The terms of such NSOs shall also be determined by the Board.
ARTICLE 9. LIMITATION ON RIGHTS.
9.1 RETENTION RIGHTS. Neither the Plan nor any Option granted under the Plan
shall be deemed to give any individual a right to remain an employee or
director of the Company, a Parent or a Subsidiary. The Company and its
Parents and Subsidiaries reserve the right to terminate the service of any
employee or director at any time, with or without cause, subject to
applicable laws, the Company's certificate of incorporation and by-laws and
a written employment agreement (if any).
9.2 SHAREHOLDERS' RIGHTS. An Optionee shall have no dividend rights, voting
rights or other rights as a shareholder with respect to any Common Shares
covered by his or her Option prior to the issuance of a stock certificate
for such Common Shares. No adjustment shall be made for cash dividends or
other rights for which the record date is prior to the date when such
certificate is issued, except as expressly provided in Article 7.
9.3 REGULATORY REQUIREMENTS. other provision of the Plan notwithstanding, the
obligation of the Company to issue Common Shares under the Plan shall be
subject to all applicable laws, rules and regulations and such approval by
any regulatory body as may be required. The Company reserves the right to
restrict, in whole or in part, the delivery of Common Shares pursuant to
any Option prior to the satisfaction of all legal requirements relating to
the issuance of such Common Shares, to their registration, qualification or
listing or to an exemption from registration, qualification or listing.
ARTICLE 10. LIMITATION ON PAYMENTS
10.1 BASIC RULE. Plan to the contrary notwithstanding, in the event that the
independent auditors most recently selected by the Board (the "Auditors")

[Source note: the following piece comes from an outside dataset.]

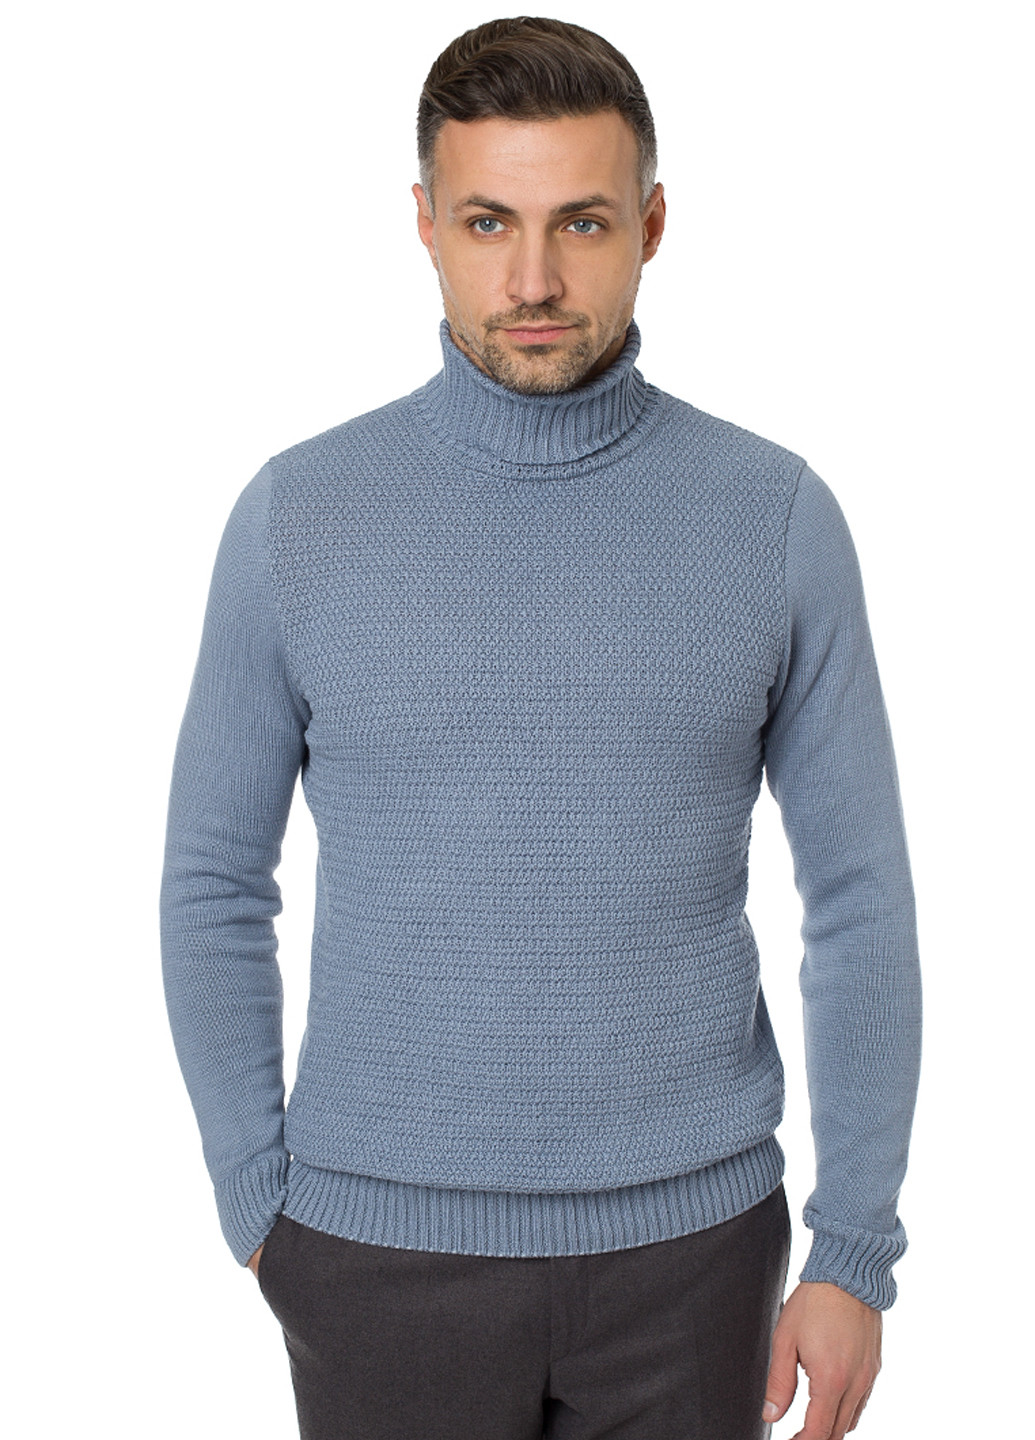 Серо-голубой демисезонный свитер Arber

determine that any payment or transfer by the Company under the Plan to or
for the benefit of an Optionee (a "Payment") would be nondeductible by the
Company for federal income tax purposes because of the provisions
concerning "excess parachute payments" in section 280G of the Code, then
the aggregate present value of all Payments shall be reduced (but not below
zero) to the Reduced Amount; provided that the Committee, at the time of
granting an Option or at any time thereafter, may specify in writing that
such Option shall not be so reduced and shall not be subject to this
Article 10. For purposes of this Article 10, the "Reduced Amount" shall be
the amount, expressed as a present value, which maximizes the aggregate
present value of the Payments without causing any Payment to be
nondeductible by the Company because of section 280G of the Code.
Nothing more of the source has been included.